In 2015 McDaniel started all 18 games and had 86 catches for 1,038 yards and four touchdowns, plus caught five two-point converts which is a CFL season-record. He also carried the ball three times. McDaniel also started both playoff games and had six catches for 27 yards and returned four punts for 40 yards. In 2016 McDaniel started 16 games and was the team’s leading receiver with 1,074 yards and four touchdowns on 83 catches and added one carry for three yards. He also had a two-point convert. He played his 100th regular-season game on June 25. 2016 was his third 1,000-yard receiving season, and his third season to lead the Stampeders in receiving yards. He was on the one-game injury list for Games 17 and 18. In 2017 McDaniel re-signed with the Stampeders through the 2018 season. McDaniel had another strong season in 2017, leading the Stamps in receiving yards for the fourth consecutive season. Following the team's loss in the 105th Grey Cup McDaniel was critical of teammate Kamar Jorden's fumble which played a significant role in the Stamps' defeat. On February 9, 2018 the Stampeders announced they had released McDaniel.

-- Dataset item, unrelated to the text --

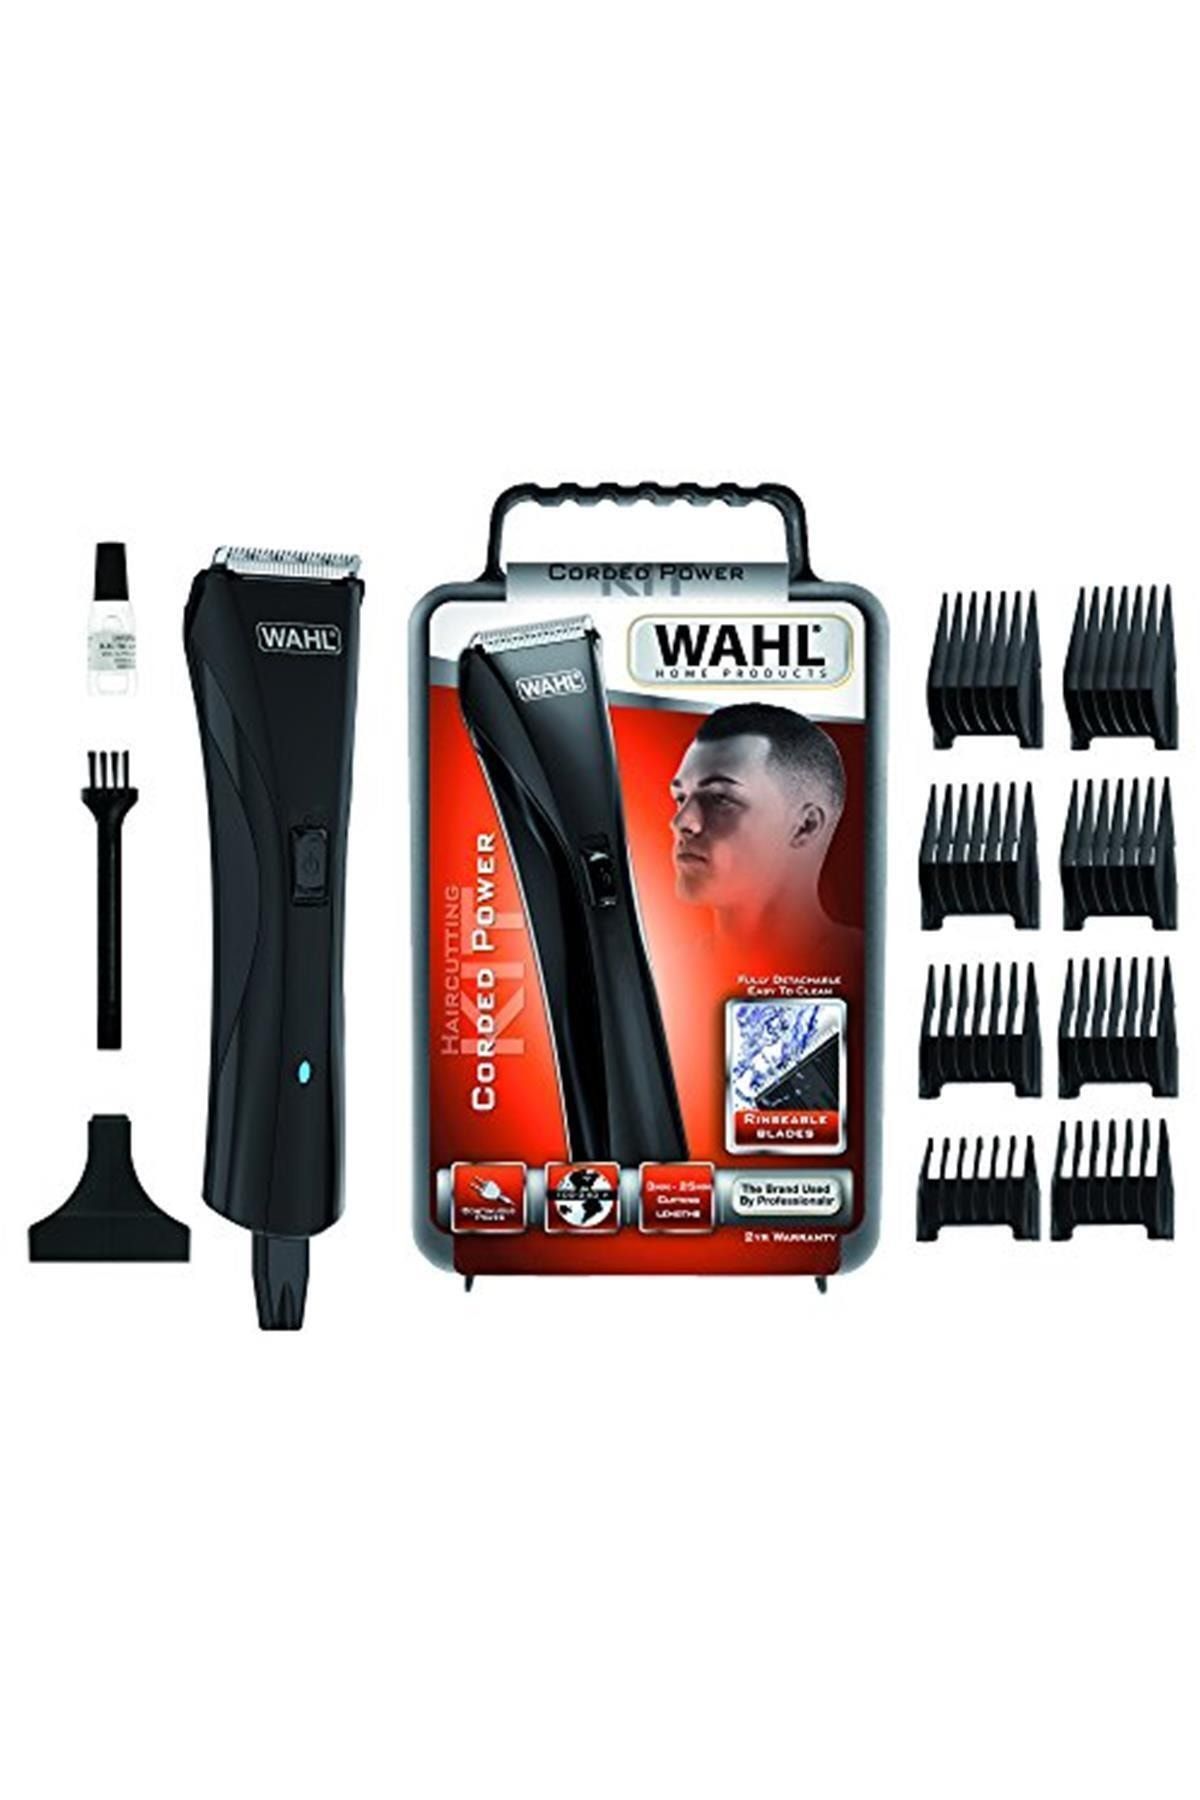 BRCTOPTAN Marka: 09699-1016 9600 Hair & Beard Corded & Tüm Vücut Sac Kesme Makinesi Kategori: Saç

===Hamilton Tiger-Cats (II)===
On September 9, 2018, McDaniel was re-signed by the Hamilton Tiger-Cats. McDaniel was initially signed to the practice roster so that he could continue to serve as the receivers coach at the nearby McMaster University, but was promoted following a slew of injuries to the Ti-Cat receivers. In four games, McDaniel caught eight passes for 65 yards.

===CFL statistics===
| Receiving | | Regular season | | | | | |
| Year | Team | Games | No. | Yards | Avg | Long | TD |
| 2009 | HAM | 18 | 57 | 688 | 12.1 | 41 | 3 |
| 2010 | HAM | 18 | 76 | 998 | 13.1 | 37 | 7 |
| 2011 | HAM | 1 | 4 | 60 | 15.0 | 24 | 0 |
| 2012 | CGY | 14 | 53 | 744 | 14.0 | 50 | 3 |
| 2013 | CGY | 18 | 76 | 1,047 | 13.8 | 63 | 8 |
| 2014 | CGY | 12 | 54 | 792 | 14.7 | 43 | 4 |
| 2015 | CGY | 18 | 86 | 1,038 | 12.1 | 63 | 4 |
| 2016 | CGY | 16 | 83 | 1,074 | 12.9 | 53 | 4 |
| 2017 | CGY | 15 | 65 | 860 | 13.2 | 49 | 4 |
| 2018 | HAM | 4 | 8 | 65 | 8.1 | 12 | 0 |
| CFL totals | 134 | 562 | 7,366 | 13.1 | 63 | 37 | |
Source: CFL.ca Player Bio

== Coaching career ==
===McMaster Marauders===
Prior to serving as the receivers coach at McMaster University, McDaniel was a guest coach for his old CFL team in Calgary during training camp. After joining Hamilton later in the season, McDaniel continued to coach for McMaster, while also fulfilling his playing duties.

===Montreal Alouettes===
On June 25, 2019, McDaniel was hired by the Montreal Alouettes as an offensive assistant.

===Calgary Stampeders===
McDaniel joined Stampeders for the 2020 season as their receivers coach. After serving for two seasons, McDaniel was not retained for the 2023 season.

===Saskatchewan Roughriders===
On January 15, 2024, it was announced that McDaniel had been named the receivers coach for the Saskatchewan Roughriders.